Details
-
New Feature
-
Status: Open
-
Major
-
Resolution: Unresolved
-
None
-
None
-
None
-
None
Description
Machine Learning functions
- HiveMall has demonstrated how to do machine learning in Hive. It has an extensive set of functions; it shows a way through UDTFs and Amplify technique to do iterative computations. There is a lot of interest in the Hive User community to use HiveMall.
- Other possible ways to expose machine learning functionality:
- via Script Operator(Or Table Functions) that call out to a Machine Learning service like Oxdata. In this scheme the service's nodes would communicate outside of hive, process the data in multiple iterations and then return the result back into the hive pipeline.

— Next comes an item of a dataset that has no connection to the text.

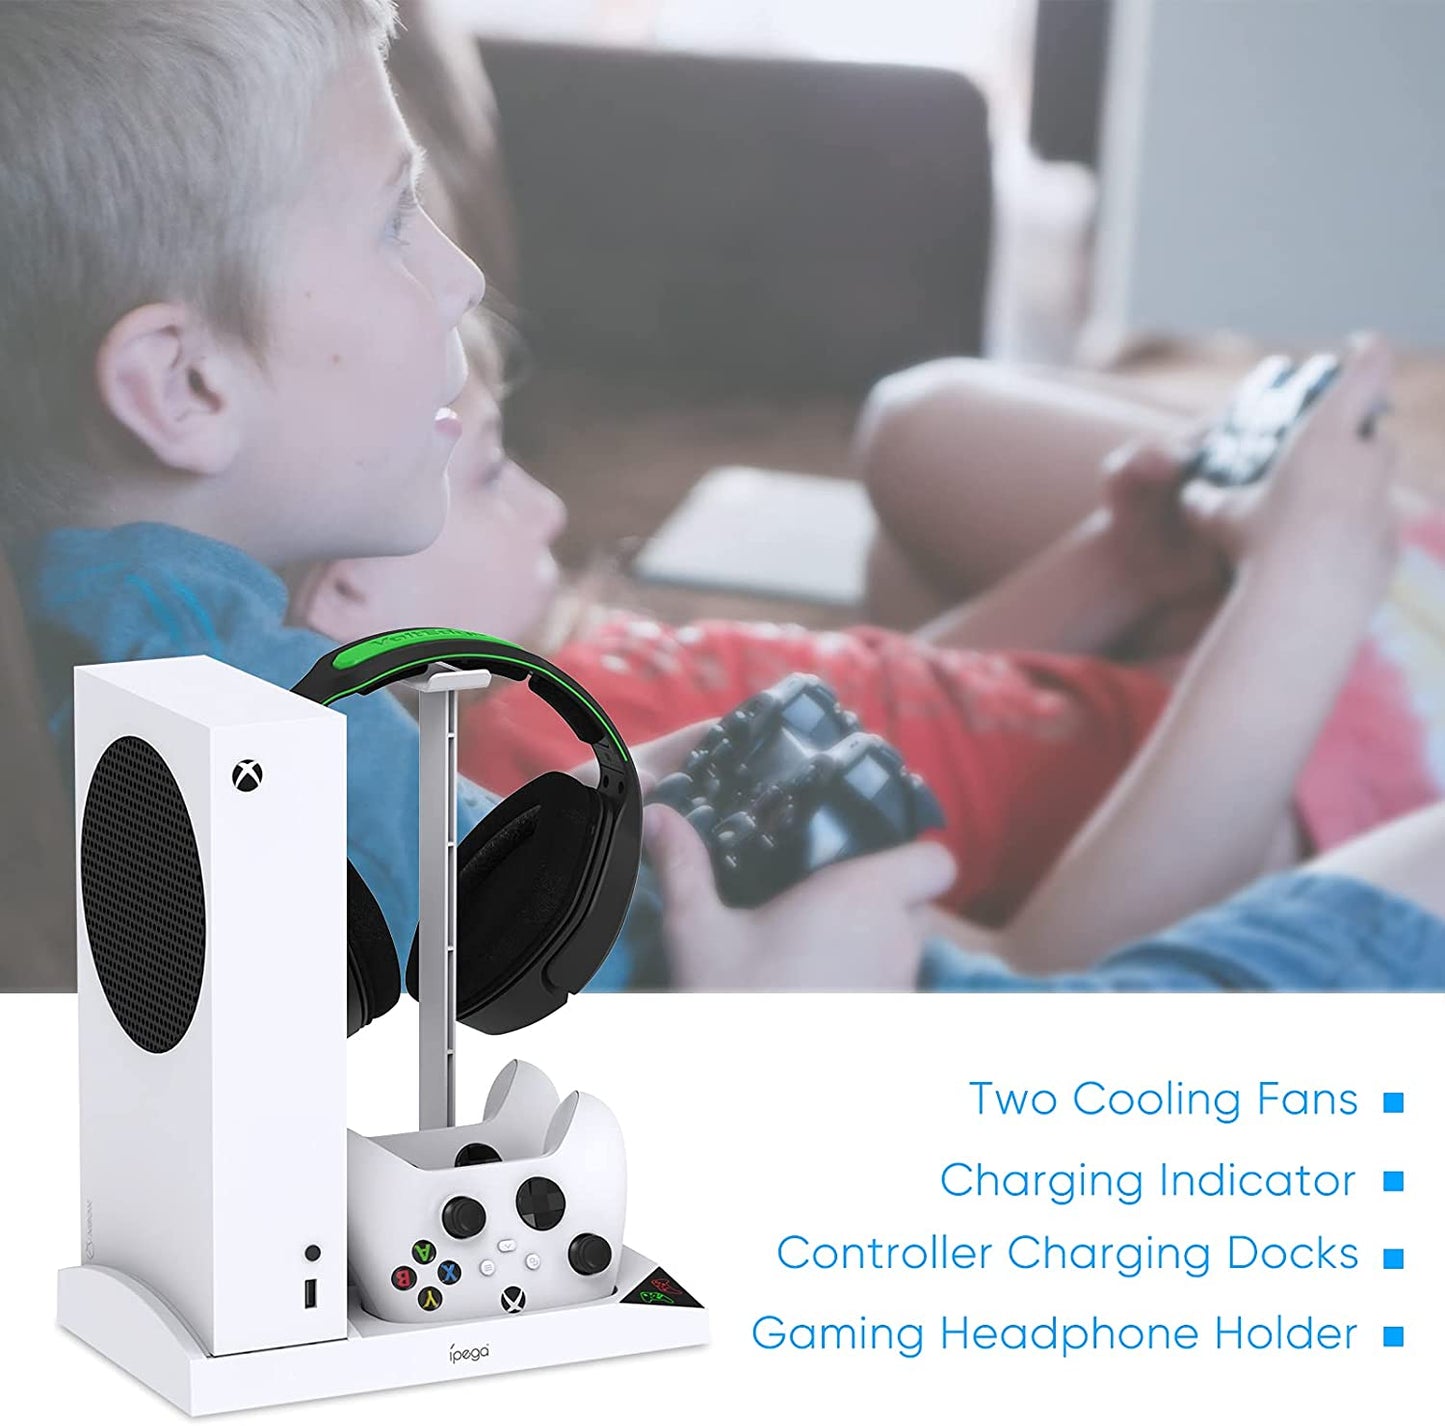 Vertical Cooling Fan Stand for Xbox Series S with Dual Controller Charging Dock Station, 2 X 1400mAh Rechargeable Battery Pack, and Headphone Bracket - White

- At the language level, provide an iteration mechanism in Hive: this has more general applications: to express Recursive CTEs and also to express Graph Algorithms.
Model Application
Even when Regression/Classification models are build in other tools we should provide a way to evaluate these models against the entire dataset residing in Hive. These can be exposed as UDFs in Hive. A possible route could be a generic PMML based module, for e.g. JPMML-Hive. Or we should provide integration for specific libraries: Spark MLLib, R and Python (SciPy/NumPy) seem the most popular toolkits.
The goal would be to provide Machine Learning functionality as a Feature of Hive like MadLib on Postgres, Pivotal, Impala etc.
Capturing this high level requirement in this jira.